From their definitions, $c>0, \delta>0, \lambda>0$ always. When $B<(L+H)/2$ as assumed by the theorem, by definition $n=1$. The proof does not require more precision that this. (For the proof of the lower bound when $B>(L+H)/2$, $n=-1$).

To simplify notation, I make this variable substitution:

$z = \delta( \Phi^{-1}(p) + n c)$

yielding

$Q_B(z) = l + (u-l) \Phi\left( \xi+ \lambda \sinh( z ) \right)$

and

${{\partial Q_B(p)}\over{\partial p}} = {{\partial Q_B(z)}\over{\partial z}} {{\partial z}\over{\partial p}} = {{\partial Q_B(z)}\over{\partial z}} \sqrt{2\pi} \delta e^{{1\over 2} \Phi^{-1}(p)^2 } = {{\partial Q_B(z)}\over{\partial z}} \sqrt{2\pi} \delta e^{{1\over 2}(z/\delta - n c)^2}$

where $x\rarr u$ corresponds to $p\rarr 1$ and $z \rarr \infty$, so

$\lim_{p->1} {{\partial Q_B(p)}\over{\partial p}} = \lim_{z\rarr \infty} \sqrt{2\pi} \delta e^{{1\over 2} (z/\delta - n c)^2} {{\partial Q_B(z)}\over{\partial z}}$

and

$\lim_{p->} {{\partial Q_B(p)}\over{\partial p}} = \lim_{z\rarr \infty} \sqrt{2\pi} \delta e^{{1\over 2}(z/\delta - n c)^2} {{\partial Q_B(z)}\over{\partial z}}$

and we need to show that these approach 0.

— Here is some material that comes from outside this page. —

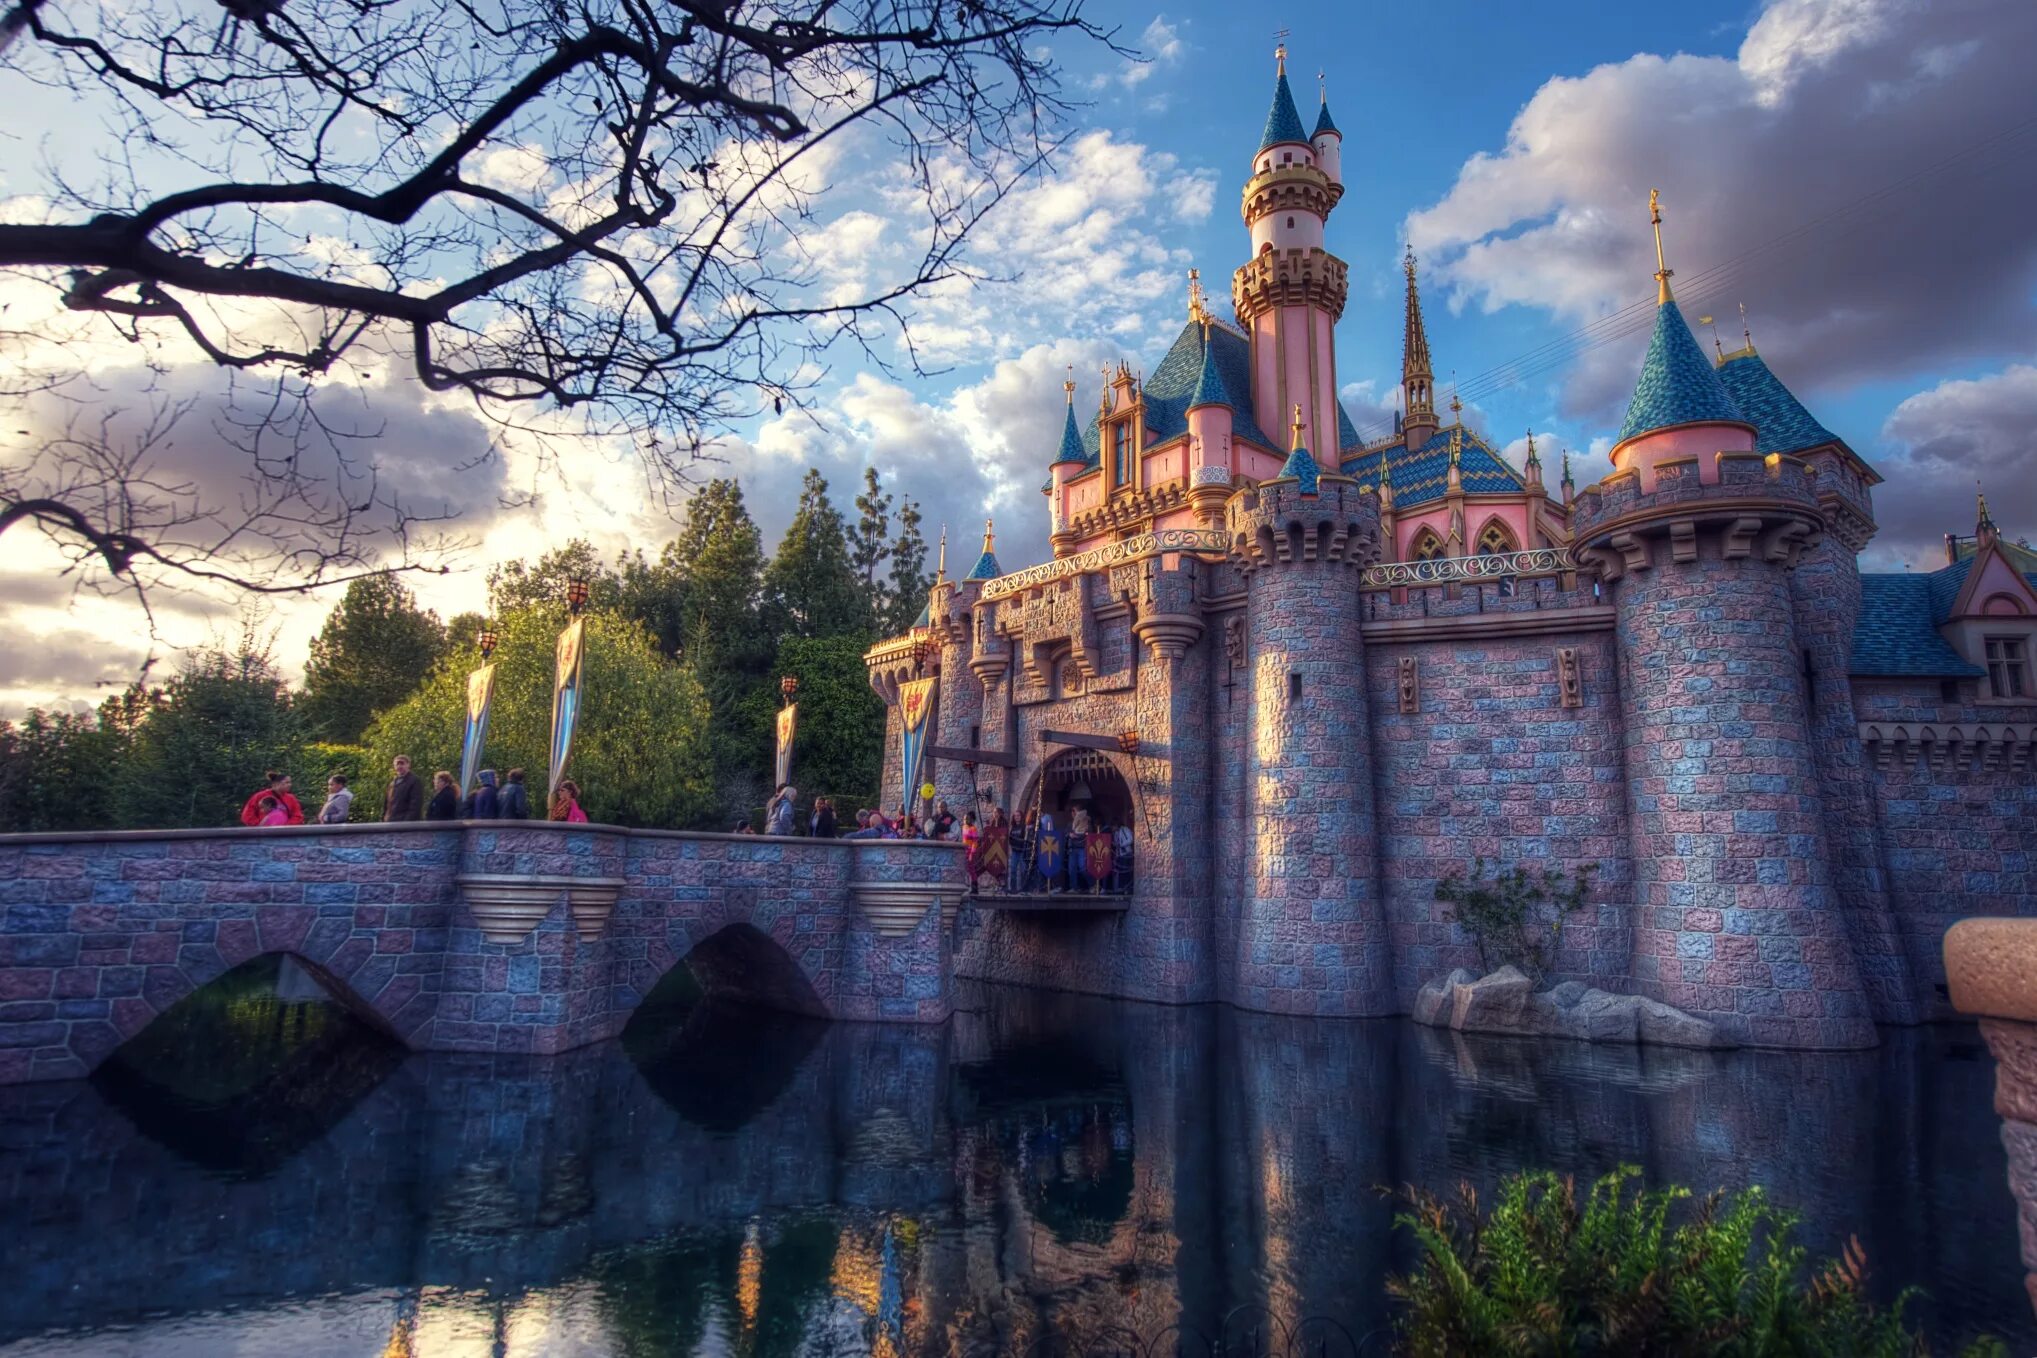 Диснейленд Анахайм замок спящей красавицы. Walt Disney World дворец. Замок спящей красавицы Уолт Дисней. Дворец сказочной красоты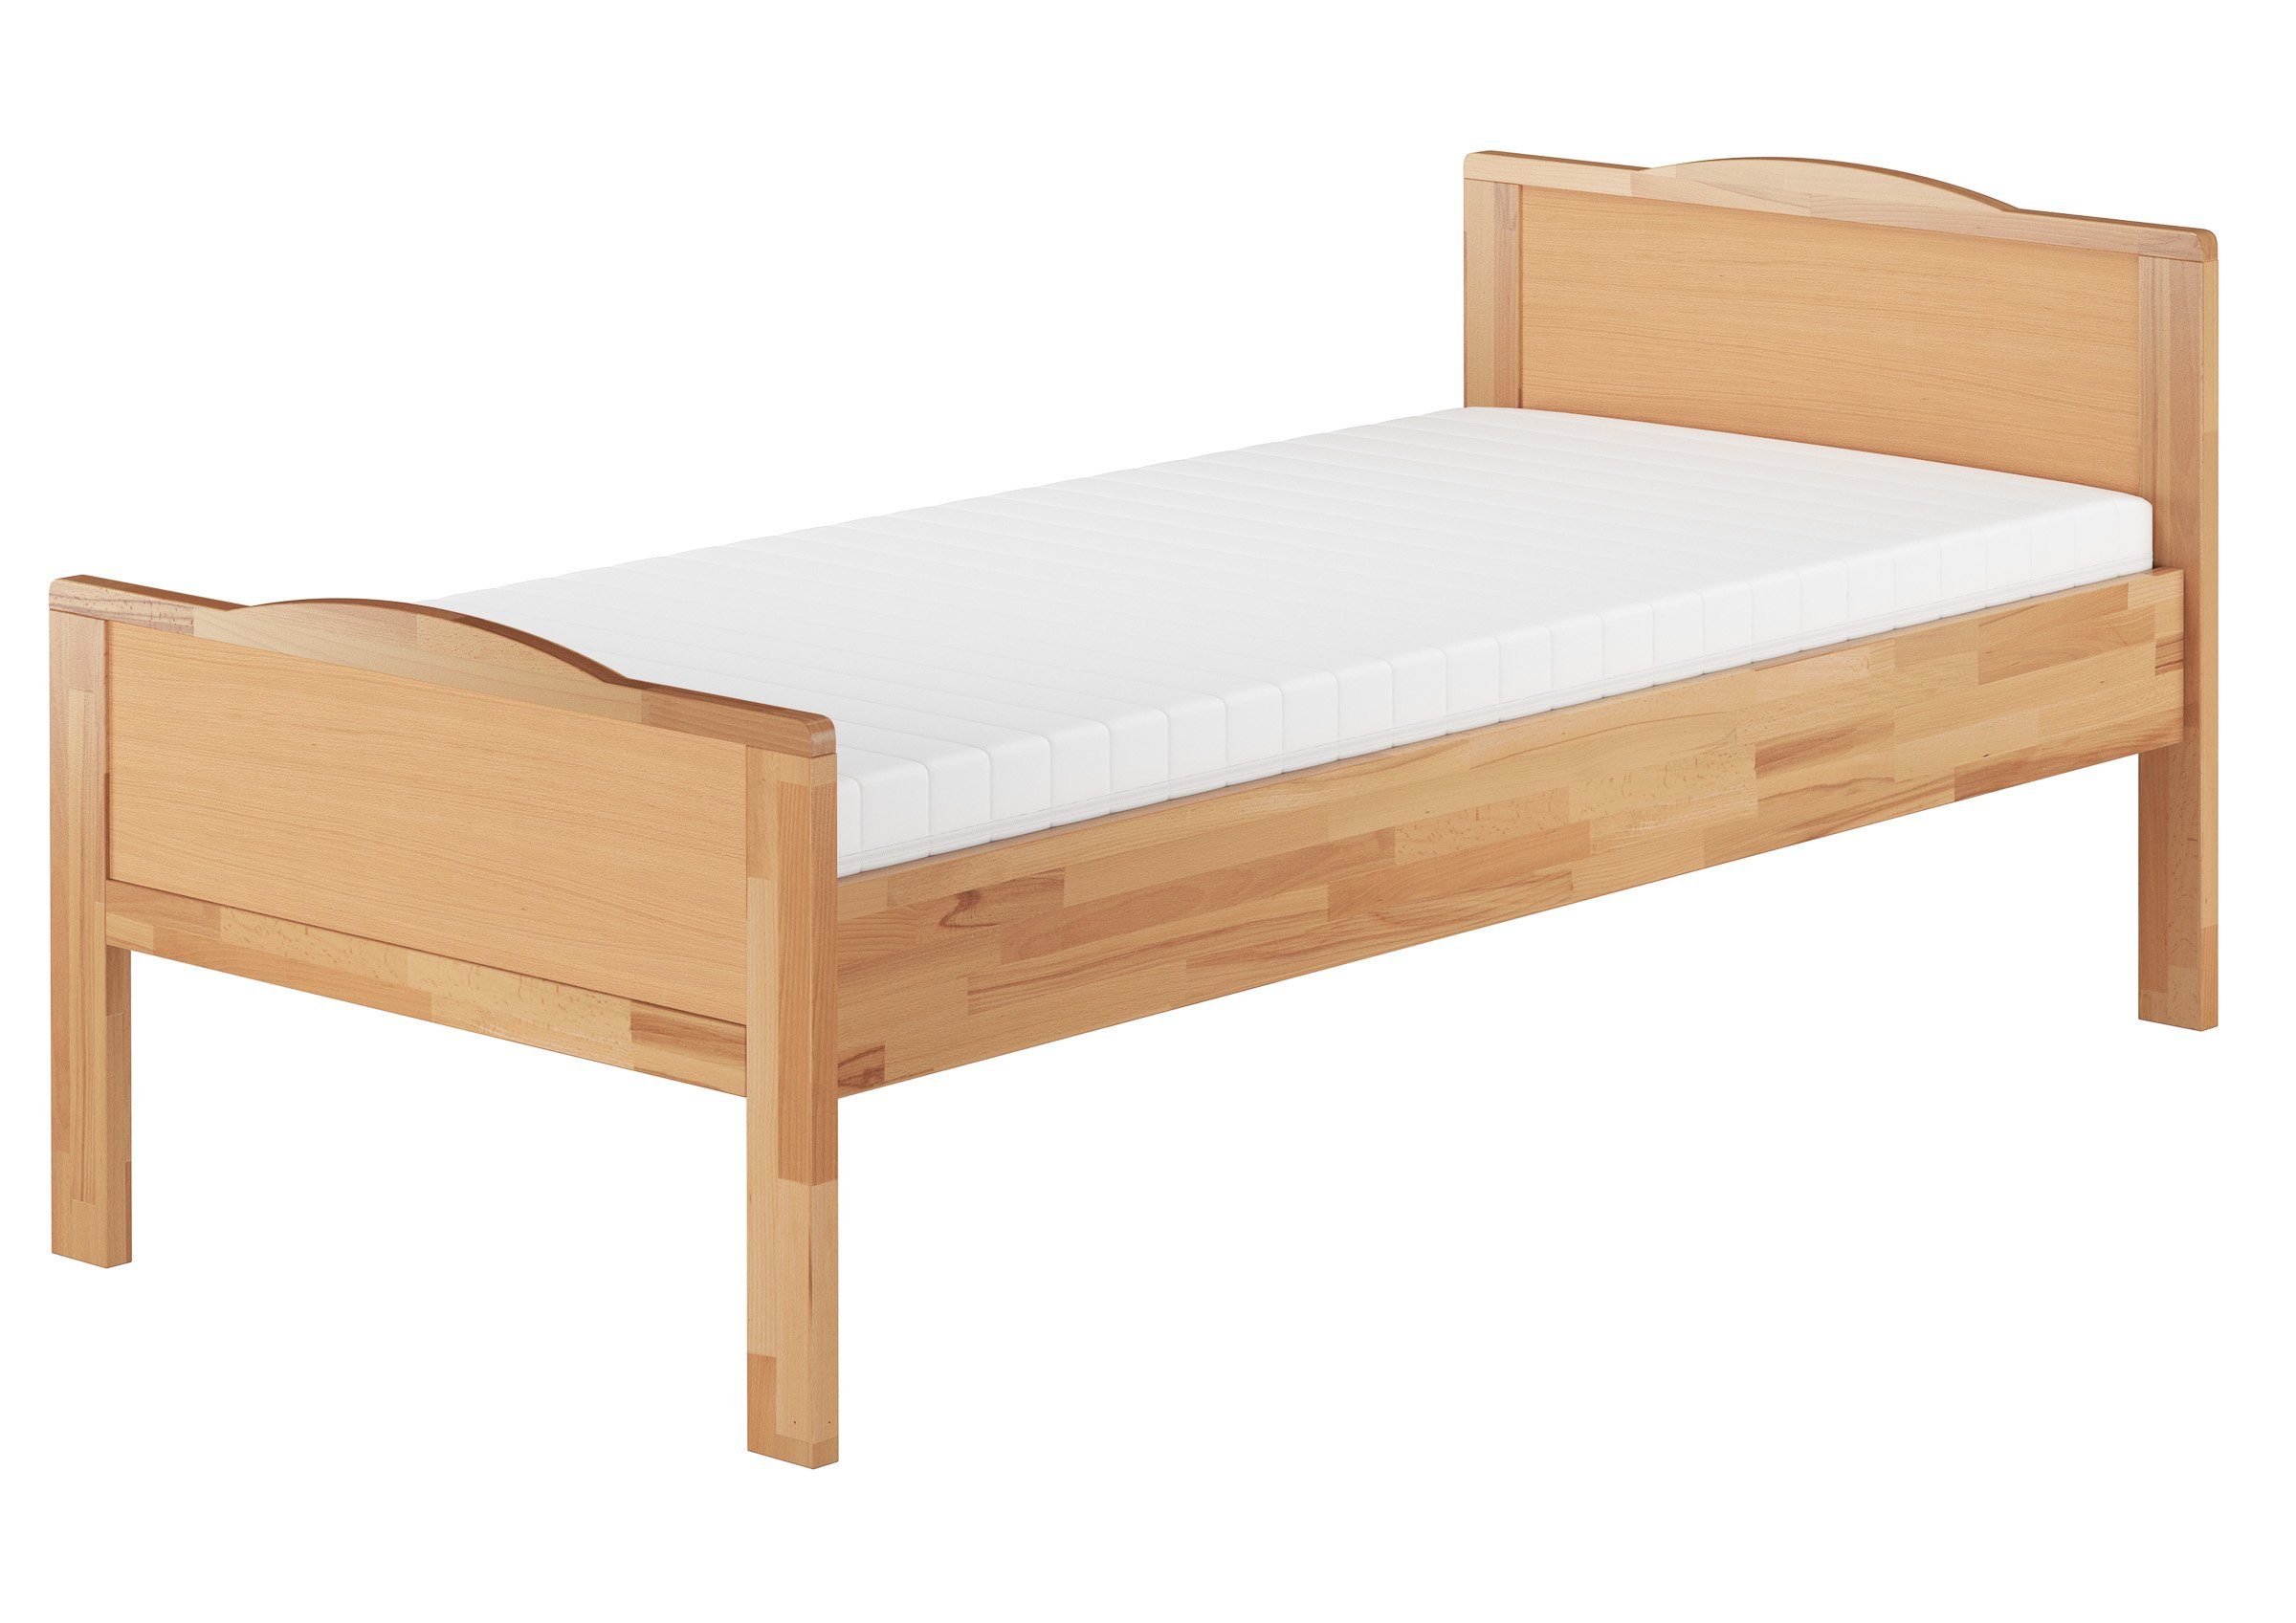 und Komplettset Einzelbett Bett Buchefarblos 100x200 ERST-HOLZ Buche Matratze, lackiert mit Federleisten

Take the derivative (I used Wolfram Alpha's online derivative calculator):

${{\partial Q_B(z)}\over{\partial z}} = {{(u-l) \lambda}\over{2 \sqrt{2 \pi}}} \left( e^z + e^{-z} \right) e^{-{1\over 2} \left( {1\over 2} \lambda \left(e^z - e^{-z}\right) + \xi\right)^2}$

Expand the limit

$\begin{array}{rcl} \lim_{p\rarr 1} {{\partial Q_B(p)}\over{\partial p}} &=& \lim_{z\rarr \infty} \sqrt{2\pi} \delta e^{{1\over 2}(z/\delta- n c)^2} {{\partial Q_B(z)}\over{\partial z}} \\ &=& \lim_{z\rarr \infty} \sqrt{2\pi} \delta e^{{1\over 2}(z/\delta - n c)^2} {{(u-l) \lambda}\over{2 \sqrt{2 \pi}}} \left( e^z + e^{-z} \right) e^{-{1\over 2} \left( {1\over 2} \lambda \left(e^z - e^{-z}\right) + \xi\right)^2} \\ &=& {1\over 2} (u-l)\delta \lambda \left( \lim_{z\rarr \infty} e^z + e^{-z} \right) \left( \lim_{z\rarr \infty} e^{{1\over 2} (z/\delta- n c)^2} \right) \left( \lim_{z\rarr \infty} e^{-{1\over 2} \left( {1\over 2} \lambda \left( e^z - e^{-z}\right) + \xi\right)^2} \right) \\ &=& {1\over 2} (u-l)\delta \lambda \left( \lim_{z\rarr \infty} e^z \right) \left( \lim_{z\rarr \infty} e^{{1\over 2} \delta^{-2} z^2} \right) \left( \lim_{z\rarr \infty} e^{-{1\over 4} \lambda^2 {e^z}^2} \right) \\ &=& {1\over 2} (u-l)\delta \lambda \lim_{z\rarr \infty} e^z e^{{1\over 2} \delta^{-2} z^2} e^{-{1\over 4} \lambda^2 e^{z^2}} \\ &=& 0 \end{array}$

Last line follows because the $e^{-{1\over4} \lambda^2 e^{z^2}}$ term goes to zero and dominates both $e^z$ and $e^{{1\over 2}\delta^{-2} z^2}$.

Note: I did not use the fact that $n=1$, so the same proof works for $z \rarr -\infty$, which if correct would mean that the cowlick appears on both bounds always. However, this is not what I observe. So something is not quite right yet.